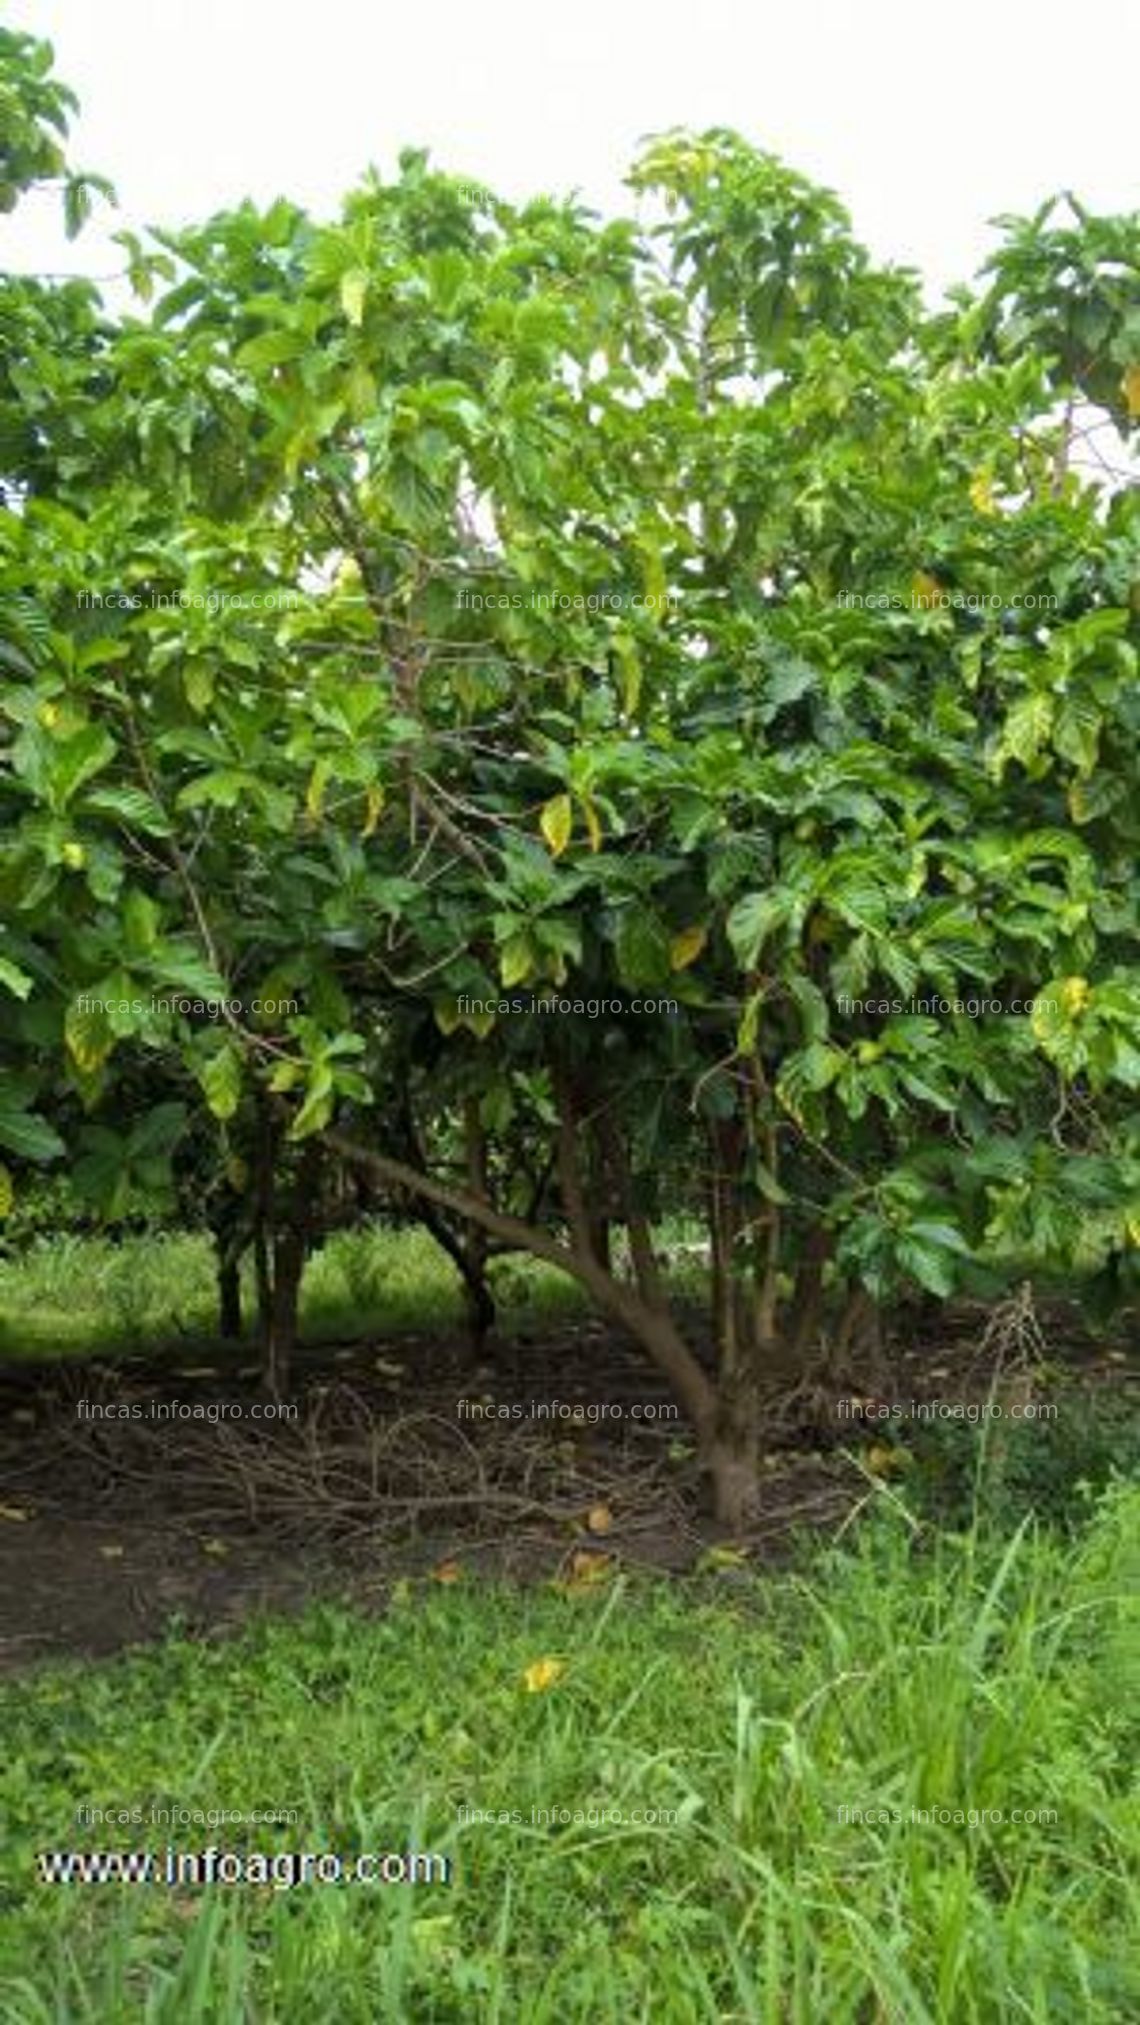 Fotos de En venta  noni - 51 hectareas de cultivo de noni. certificacion organica desde 2006. amazonas, peru
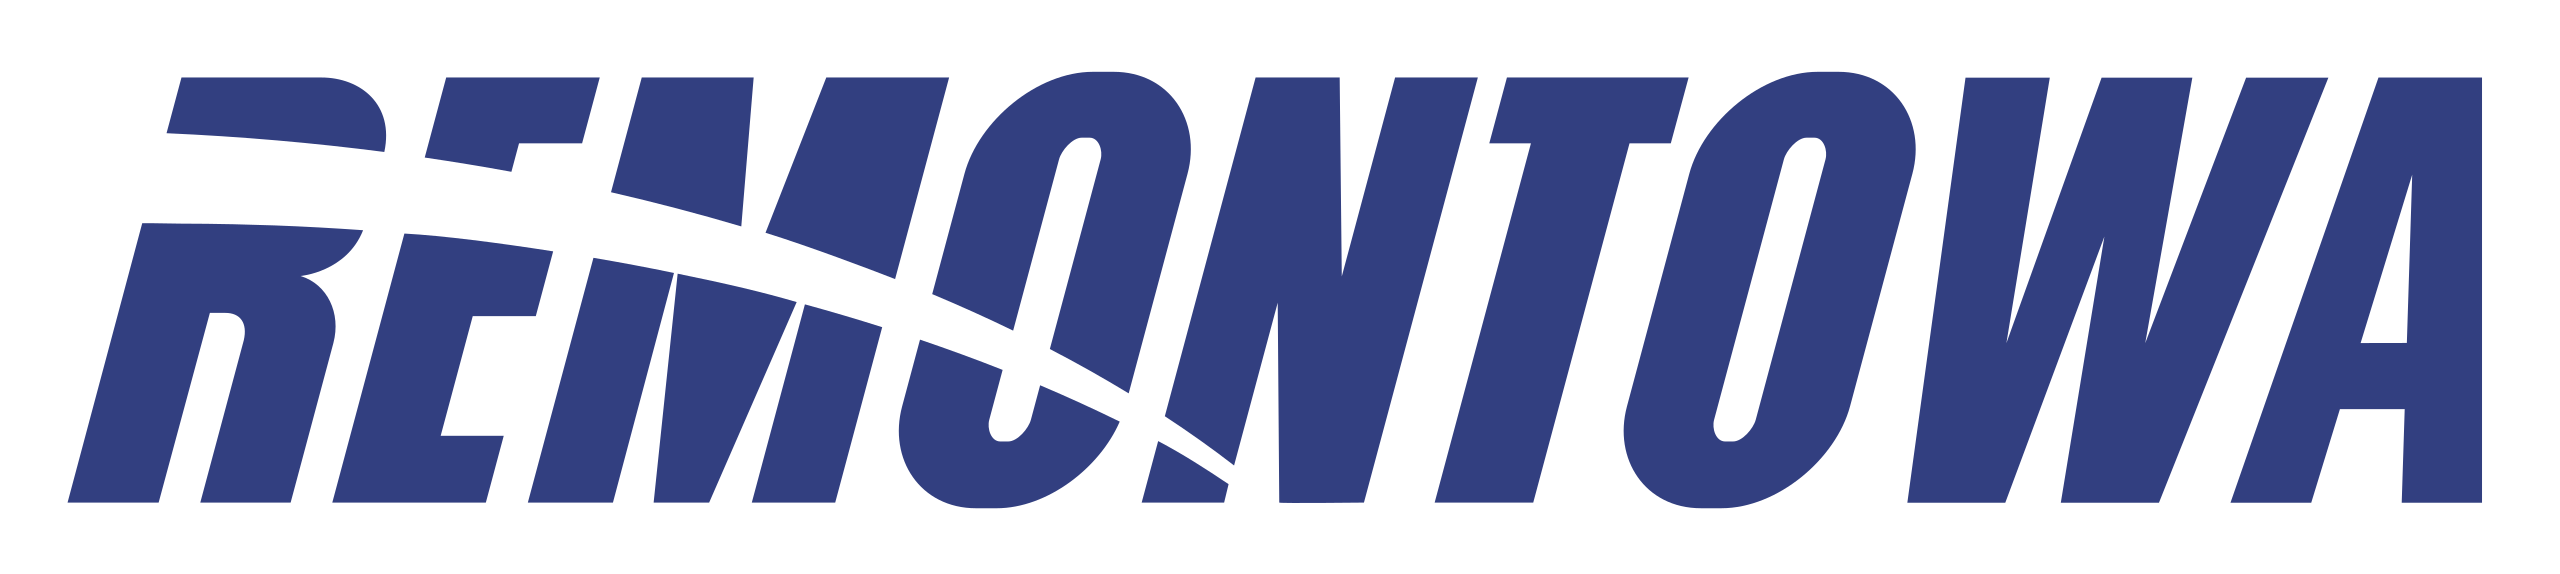 Remontowa logo.
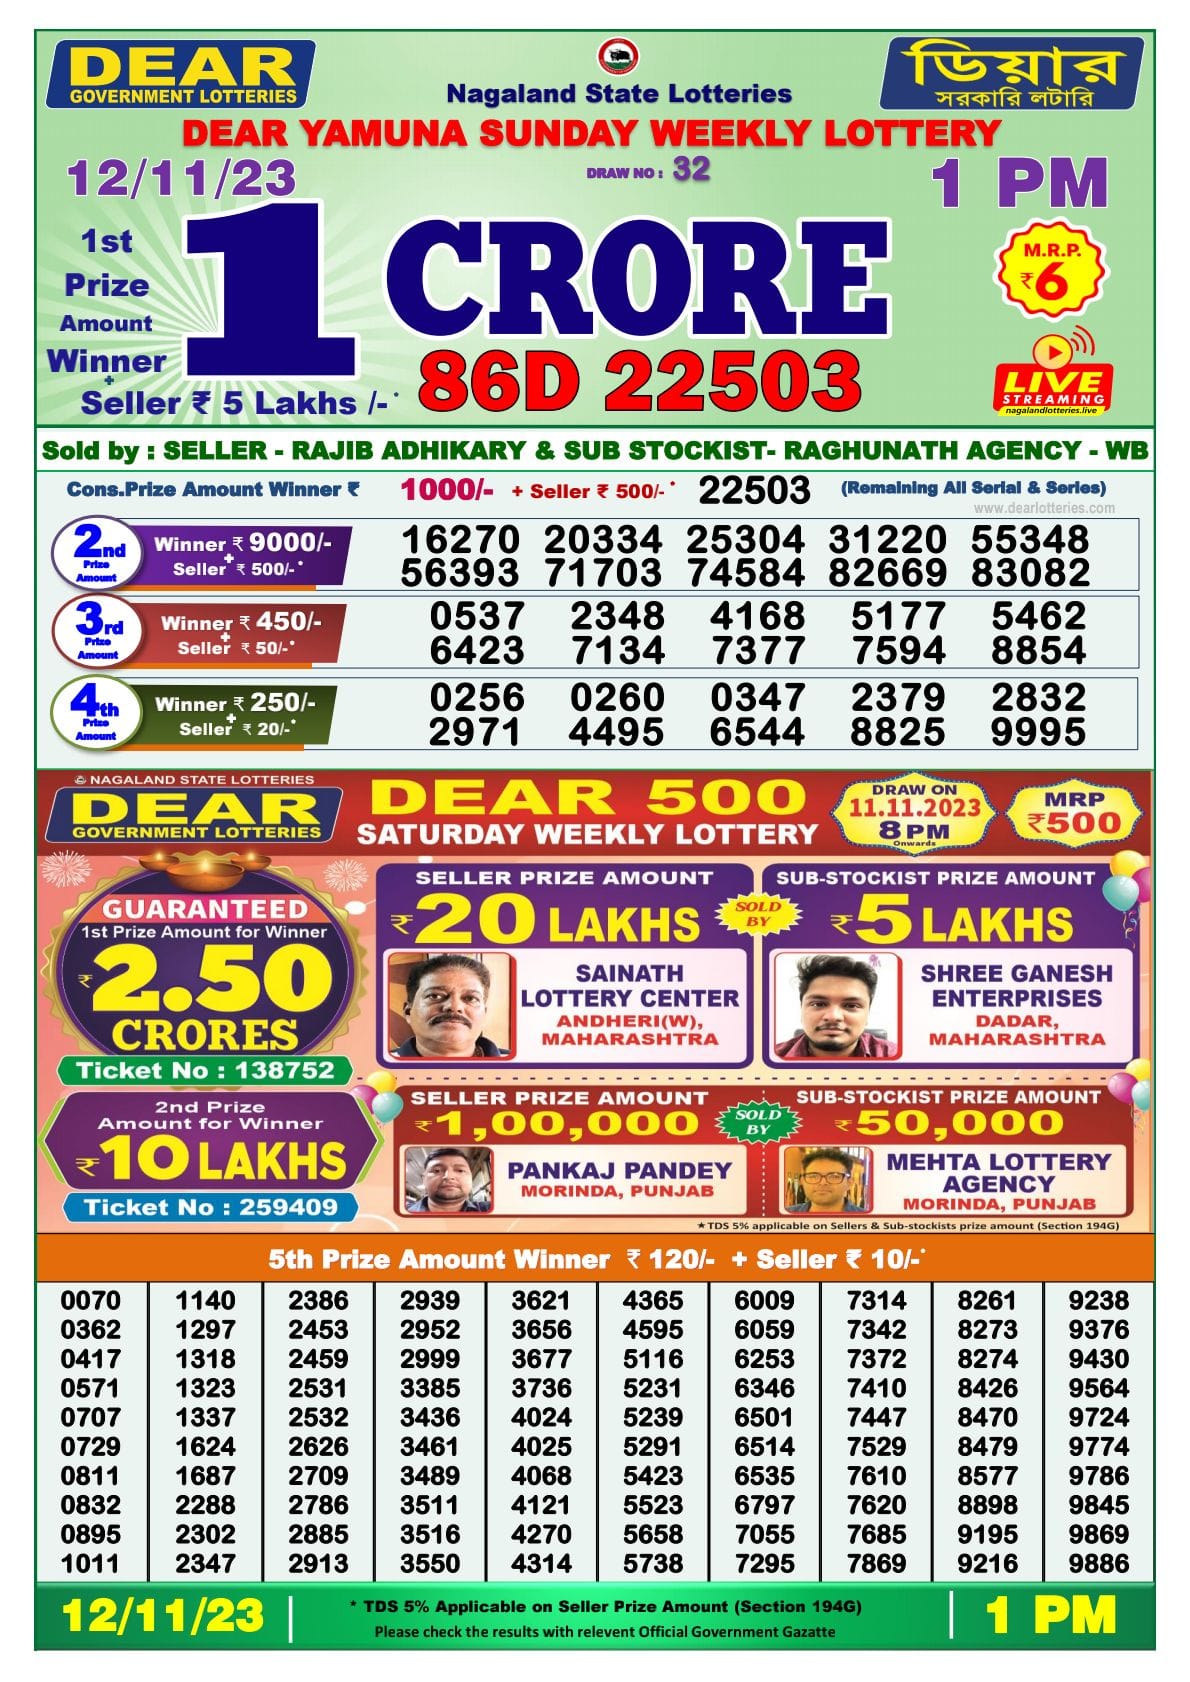 Rajshree Lottery Live Draw - Goa | Rajshree Lottery Result Today - YouTube
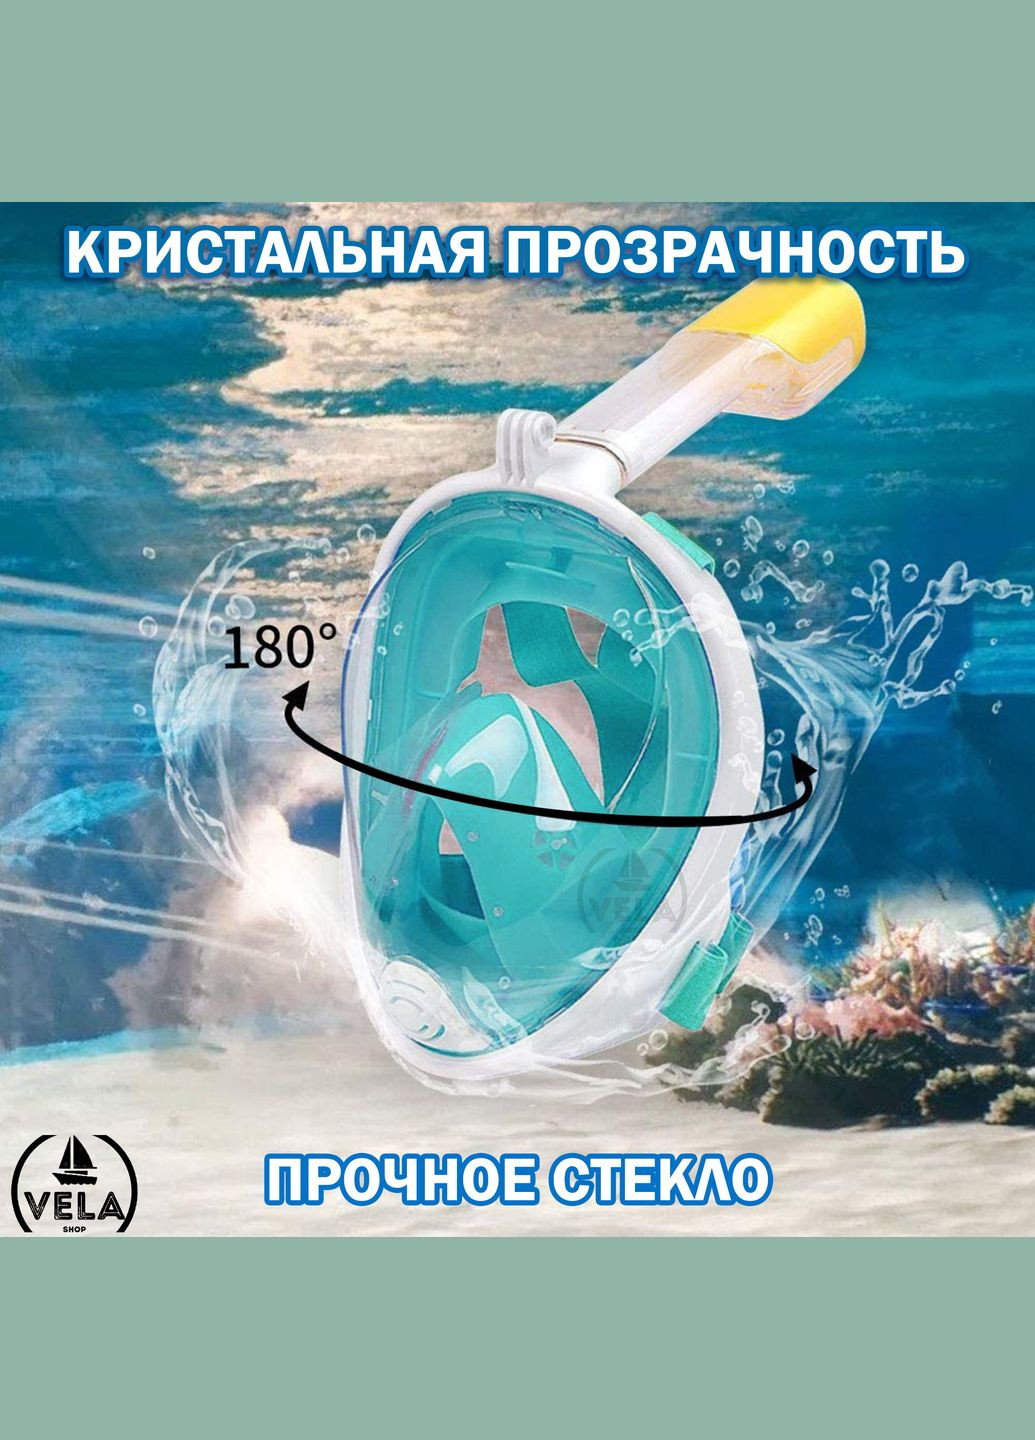 Повнолицева Снорклінг Маска L/XL FreeB панорамна на все обличчя для плавання купання пірнання - Плавальні Окуляри мономаска н Free Breath (275928351)

§

● Brief
Where the line containing "Rajshree Lottery Live" appears above, start there and set down each line exactly through the last line of the data; leave out every picture.

● Result of this task
 Rajshree Lottery Live Draw - Goa | Rajshree Lottery Result Today - YouTube
 Повнолицева Снорклінг Маска L/XL FreeB панорамна на все обличчя для плавання купання пірнання - Плавальні Окуляри мономаска н Free Breath (275928351)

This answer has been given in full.